The main disadvantages
of automation are:
§ Technology limits. Current technology is
unable to automate all the desired tasks.
§ Unpredictable development costs. The research and development cost
of automating a process may exceed the cost saved by the automation itself.
§ High initial cost. The automation of a
new product or plant requires a huge initial investment in comparison
with the unit cost of the product, although the cost of automation is spread in
many product batches.
Goals of automation (beyond productivity gains
and cost reduction)
In manufacturing, the purpose of automation has shifted to issues
broader than productivity and costs.
Reliability and precision
The old focus on using
automation simply to increase productivity and reduce costs was seen to be
short-sighted, because it is also necessary to provide a skilled workforce who
can make repairs and manage the machinery. Moreover, the initial costs of
automation were high and often could not be recovered by the time entirely new
manufacturing processes replaced the old. (Japan's "robot junkyards"

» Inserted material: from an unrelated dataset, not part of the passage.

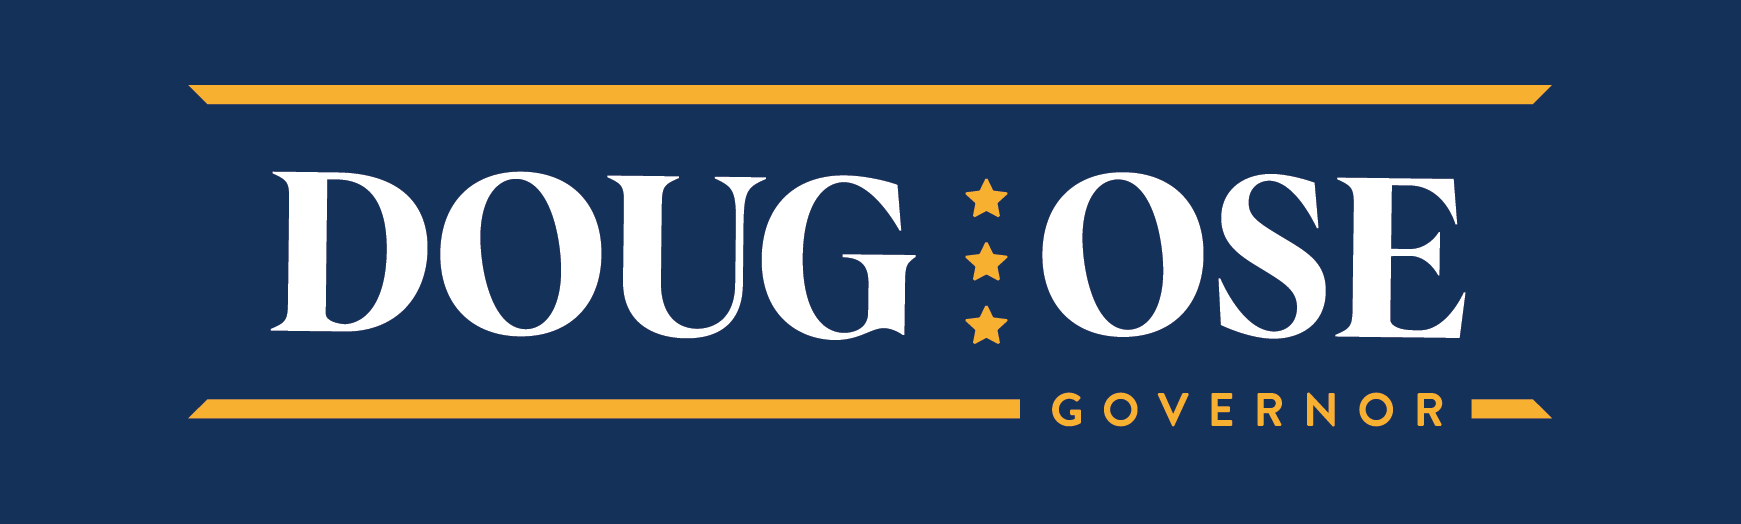 ose logo gov blu background

were once world famous in the manufacturing industry.)
Automation is now often applied primarily to
increase quality in the manufacturing process, where automation can increase
quality substantially. For example, automobile and truck pistonsused to be
installed into engines manually. This is rapidly being transitioned
to automated machine installation, because the error rate for manual
installment was around 1-1.5%, but has been reduced to 0.00001% with
automation.
Health and environment
The costs of automation to
the environment are different depending on the technology, product or engine
automated. There are automated engines that consume more energy resources from
the Earth in comparison with previous engines and those that do the opposite
too. Hazardous operations, such as oil refining, the manufacturing
of industrial chemicals, and all forms of metal working, were always
early contenders for automation.
Convertibility and turnaround time
Another major shift in automation is the increased demand for
flexibility and convertibility in manufacturing processes. Manufacturers are
increasingly demanding the ability to easily switch from manufacturing Product
A to manufacturing Product B without having to completely rebuild the production
lines. Flexibility and distributed processes have led to the introduction
ofAutomated Guided Vehicles with Natural Features Navigation.

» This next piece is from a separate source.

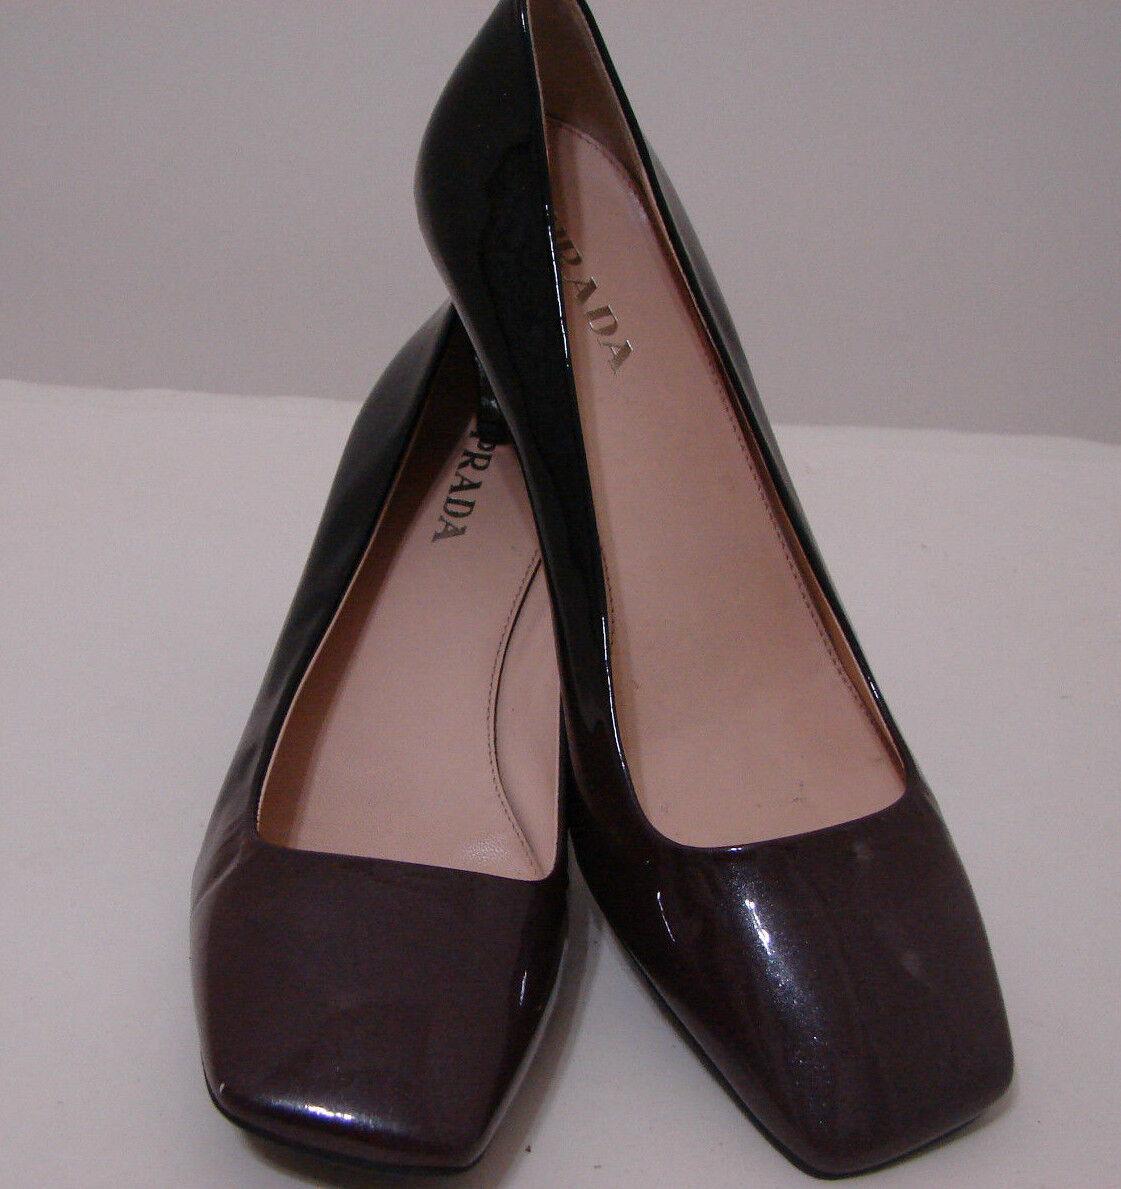 PRADA Vintage Black Brown Ombre Patent Leather Pumps NWD 39.5

Digital electronics helped too. Former
analogue-based instrumentation was replaced by digital equivalents which can be
more accurate and flexible, and offer greater scope for more sophisticated
configuration, parametrization and operation. This was accompanied by
the fieldbus revolution which provided a networked (i.e. a single
cable) means of communicating between control systems and field level
instrumentation, eliminating hard-wiring.
Discrete manufacturing plants adopted these
technologies fast. The more conservative process industries with their longer
plant life cycles have been slower to adopt and analogue-based measurement and
control still dominates. The growing use of Industrial Ethernet on
the factory floor is pushing these trends still further, enabling manufacturing
plants to be integrated more tightly within the enterprise, via the internet if
necessary. Global competition has also increased demand for Reconfigurable
Manufacturing Systems.
Automation tools
Engineers now can have numerical
control over automated devices. The result has been a rapidly expanding
range of applications and human activities. Computer-aided
technologies (or CAx) now serve the basis for mathematical and
organizational tools used to create complex systems. Notable examples of CAx
include Computer-aided design (CAD software) and Computer-aided
manufacturing (CAM software). The improved design, analysis, and
manufacture of products enabled by CAx has been beneficial for industry.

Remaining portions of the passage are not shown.